The author talks about sumptuary laws that regulate individual conduct which had never obeyed.
People are still influenced by aphorisms as Law and Order. It means that law is more important
than order. Actually, order generates laws and law aim at seriously change of human customs
and habits which cannot promote order. As a result there is implied enforcement of laws by
cruelty and penalties.

Even statutes and courts are powerless against the natural law. It means that the survival of the
fittest is stronger than the law. There is an idea that the majority should rule. Even if the
rest of the people consider that laws are cruel and unjust, they are enforced to conform
themselves. To make minority obey, by criminal statute, it results in disorder and suffering.

The advocates of Prohibition confirm that only the Prohibition laws must be enforced. There
are laws which never could be forbidden, for example ,Volstead Act, cannot prevent the use of
alcoholic beverages. The attempt must convince rather than enforce it. Darrow affirms that a
wise ruler studies the custom and habits of his people and tries to fit laws and institutions to their
folkways, knowing perfectly well that any method will cause violence. Therefore, laws should fit
to men.

Glossary:
Sumptuary laws are laws that attempt to regulate permitted consumption. Black's Law Dictionary defines
them as "Laws made for the purpose of restraining luxury or extravagance, particularly against inordinate
expenditures in the matter of apparel, food, furniture, etc."

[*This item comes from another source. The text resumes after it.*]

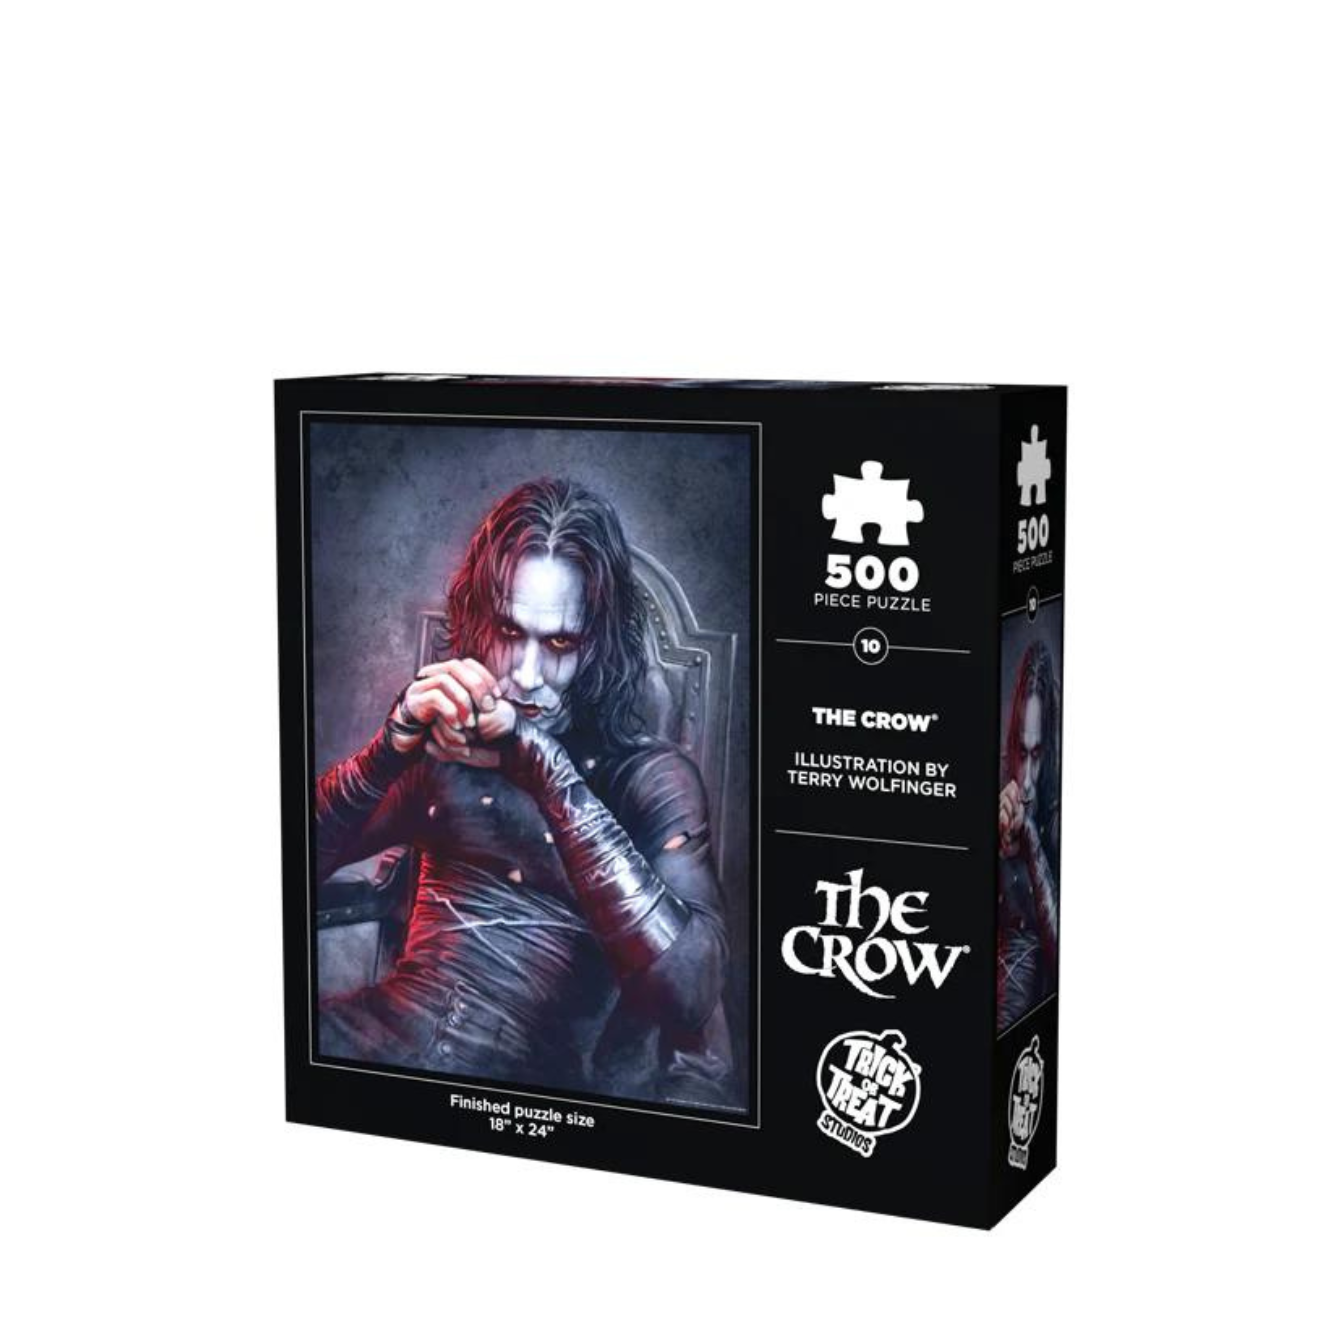 PRE-ORDER THE CROW - 500 PIECE JIGSAW PUZZLE

Volstead Act law which enforced alcohol prohibition in the US 192033. The National Prohibition Act,
known informally as the Volstead Act, was enacted to carry out the intent of the Eighteenth Amendment,
which established prohibition in the United States.

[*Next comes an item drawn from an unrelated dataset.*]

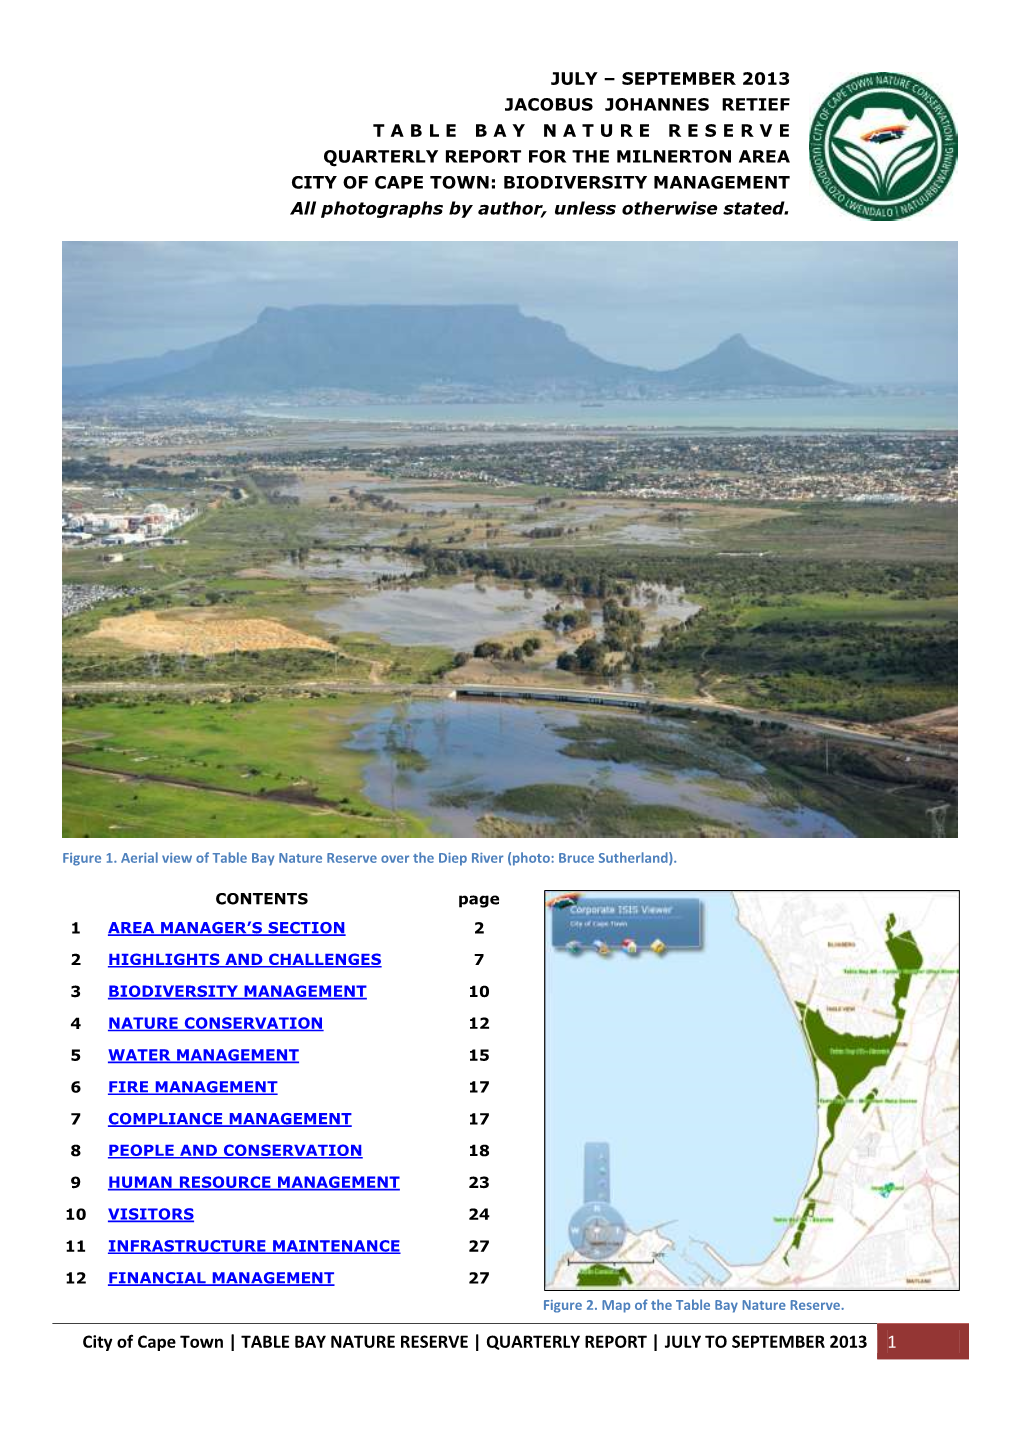 City of Cape Town | TABLE BAY NATURE RESERVE | QUARTERLY REPORT | JULY to SEPTEMBER 2013 1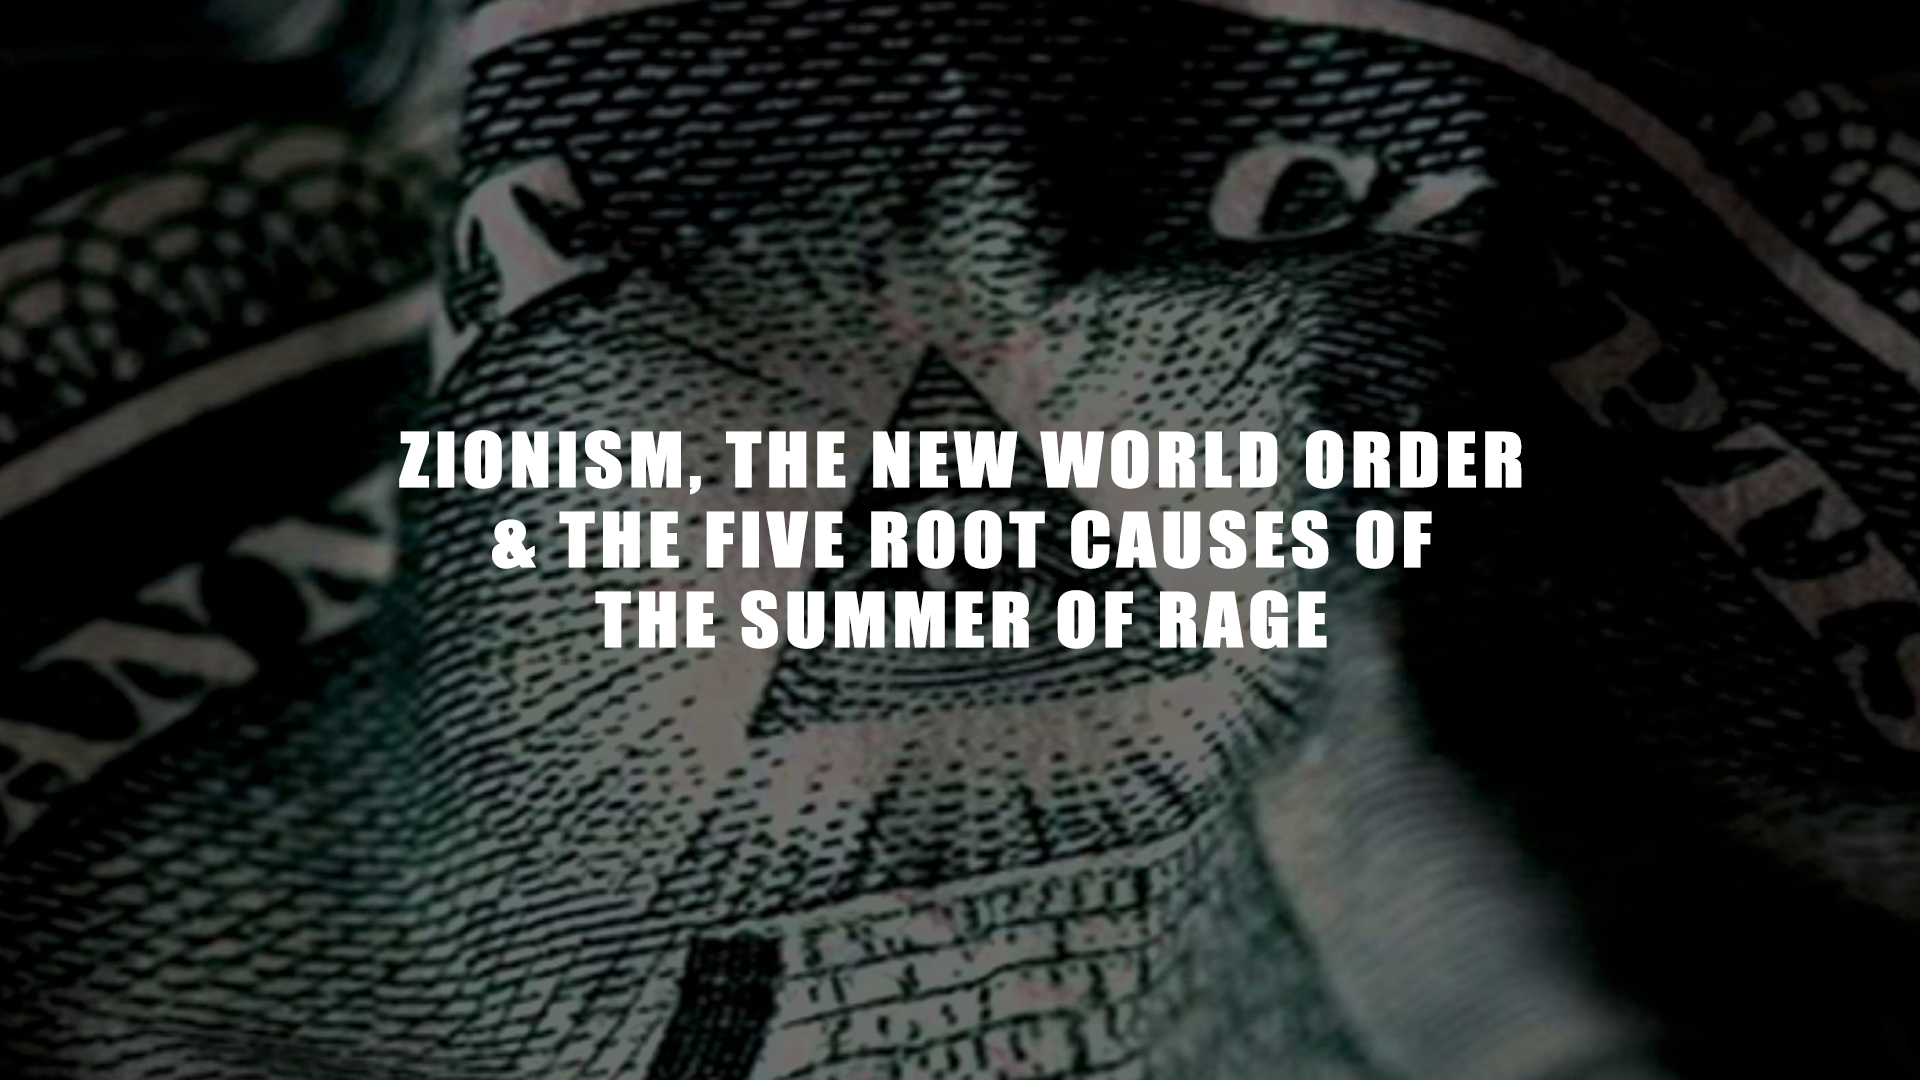 Zionism-the-New-World-Order-the-Five-Root-Causes-of-the-Summer-of-Rage-16x9.png

While the Eighteenth Amendment to the United States Constitution prohibited the production, sale, and
transport of "intoxicating liquors", it did not define "intoxicating liquors" or provide penalties. It granted both
the federal government and the states the power to enforce the ban by "appropriate legislation." A bill to do so
was introduced in Congress in 1919. Later this act was voided by the Twenty-first amendment.